### BRIEF
Will you write out the data exactly, excluding every picture?

### DATA PROVIDED
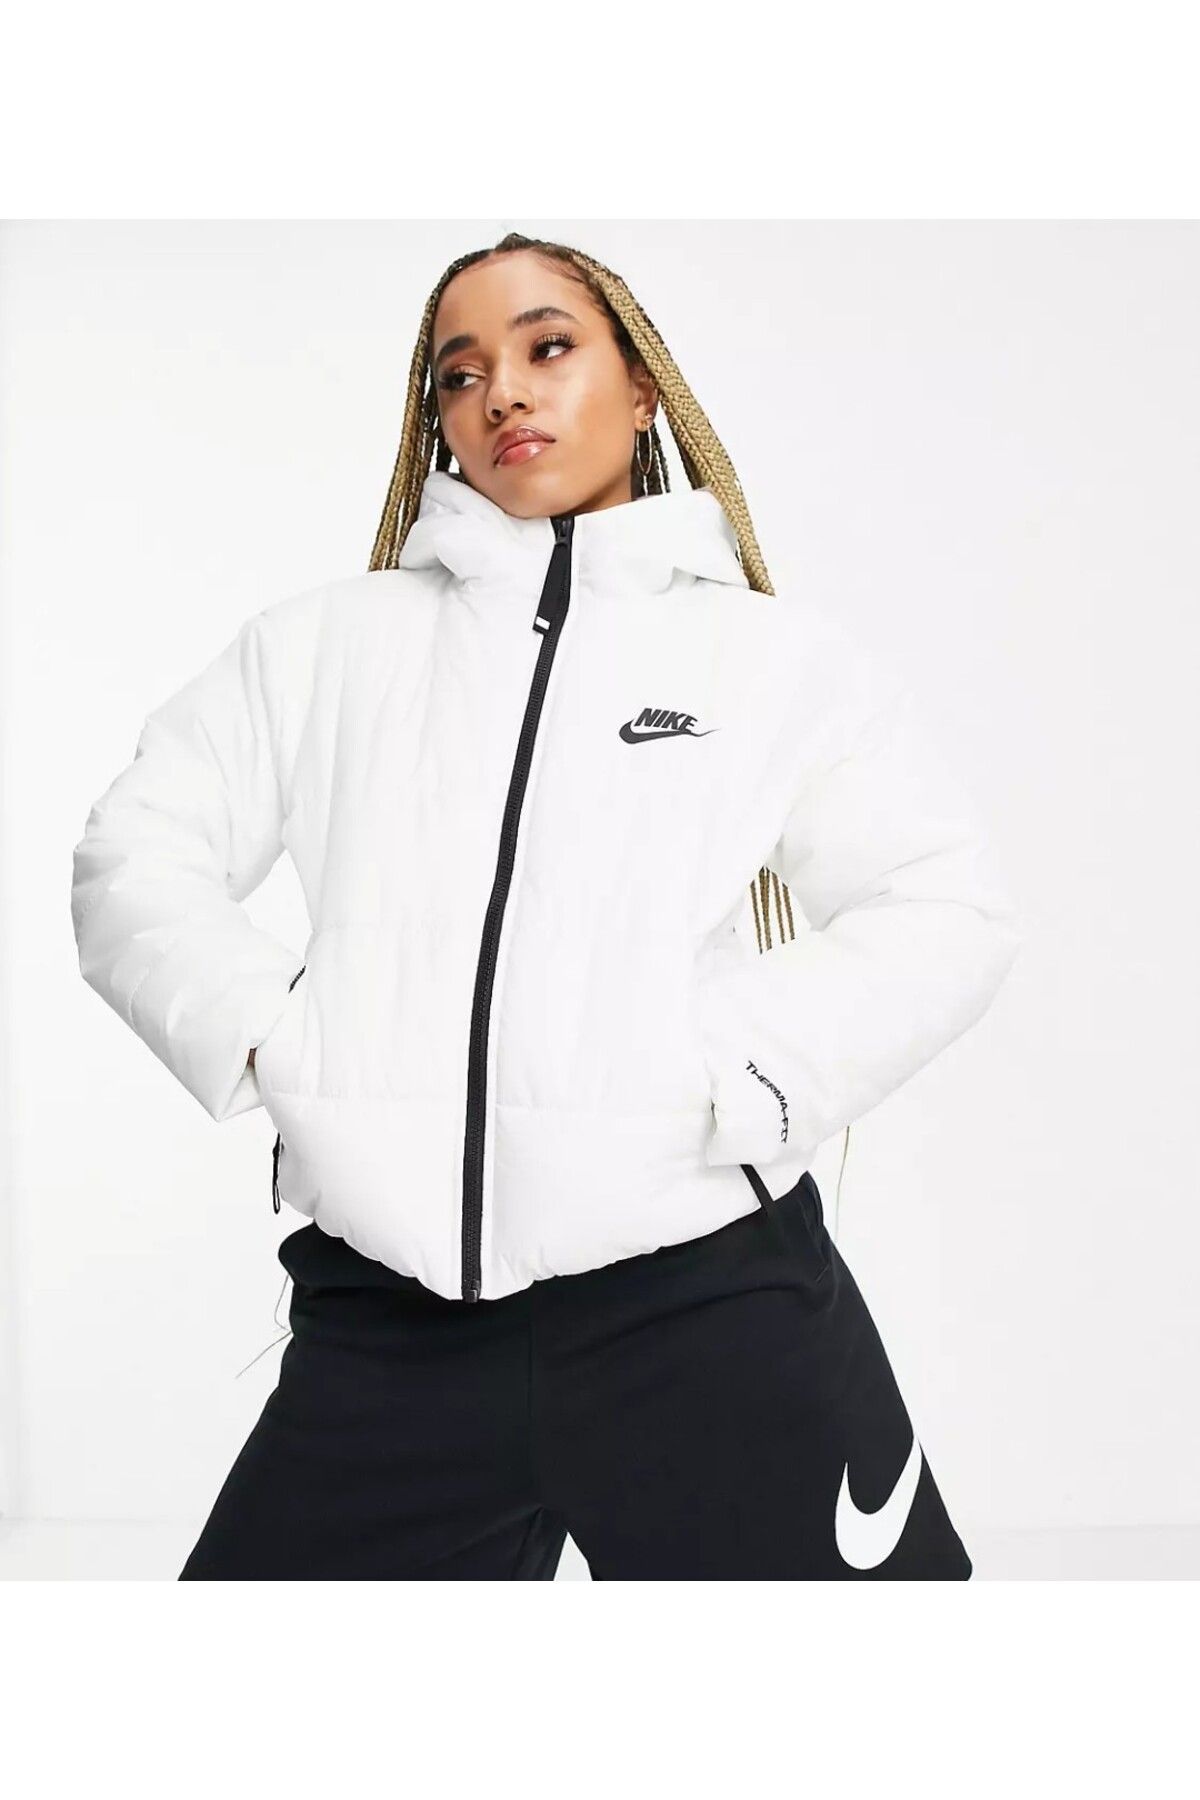 Nike Sports Winterjacket - White - Fitted - Trendyol
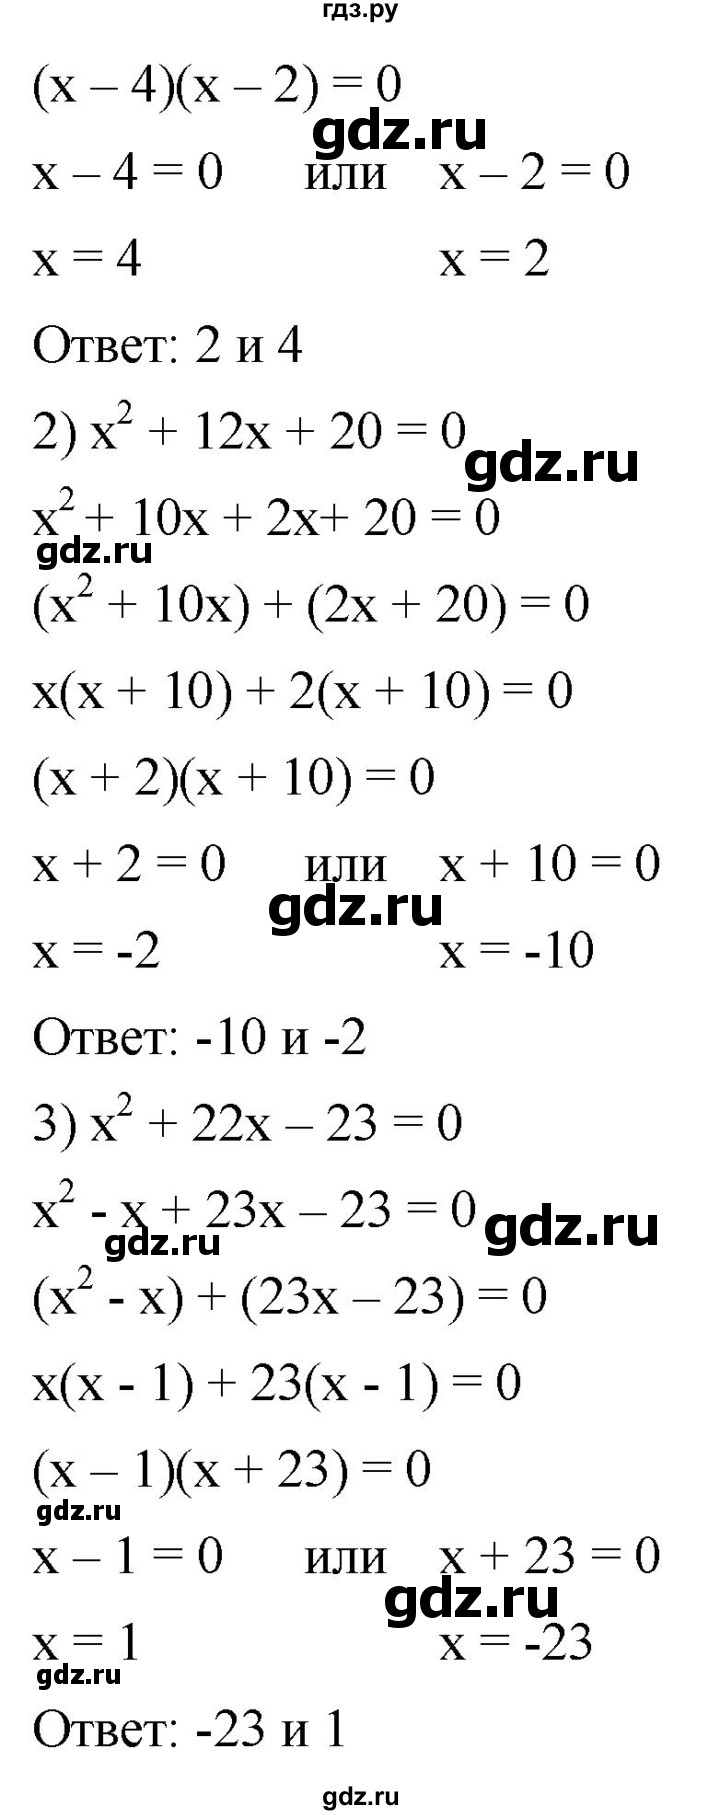 ГДЗ по алгебре 8 класс  Мерзляк   номер - 637, Решебник к учебнику 2019
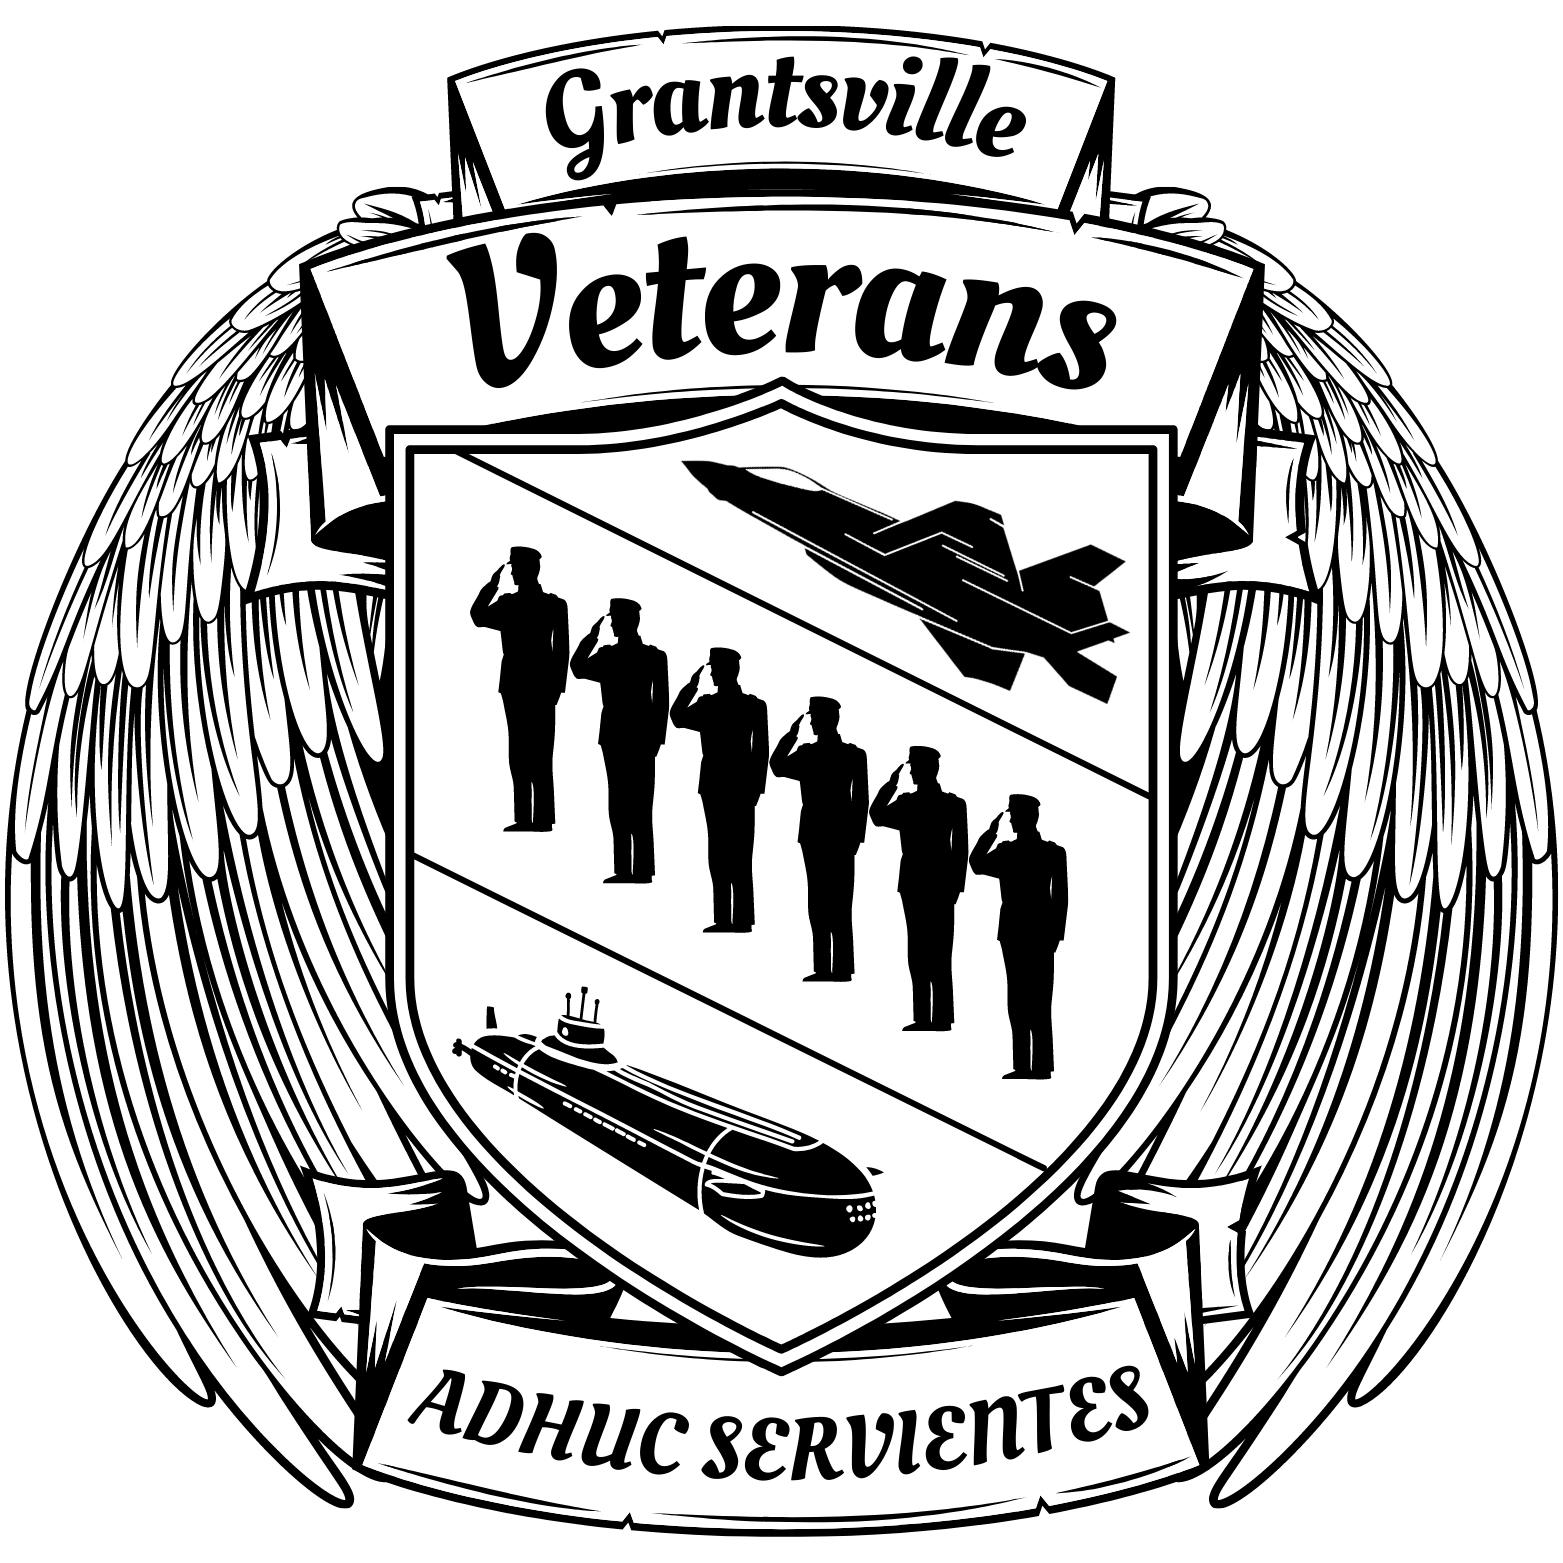 Grantsville Veterans Committee Logo - Adhuc Servientes

### EXPECTED ANSWER
 Nike Sports Winterjacket - White - Fitted - Trendyol
 ГДЗ по алгебре 8 класс  Мерзляк   номер - 637, Решебник к учебнику 2019
 Grantsville Veterans Committee Logo - Adhuc Servientes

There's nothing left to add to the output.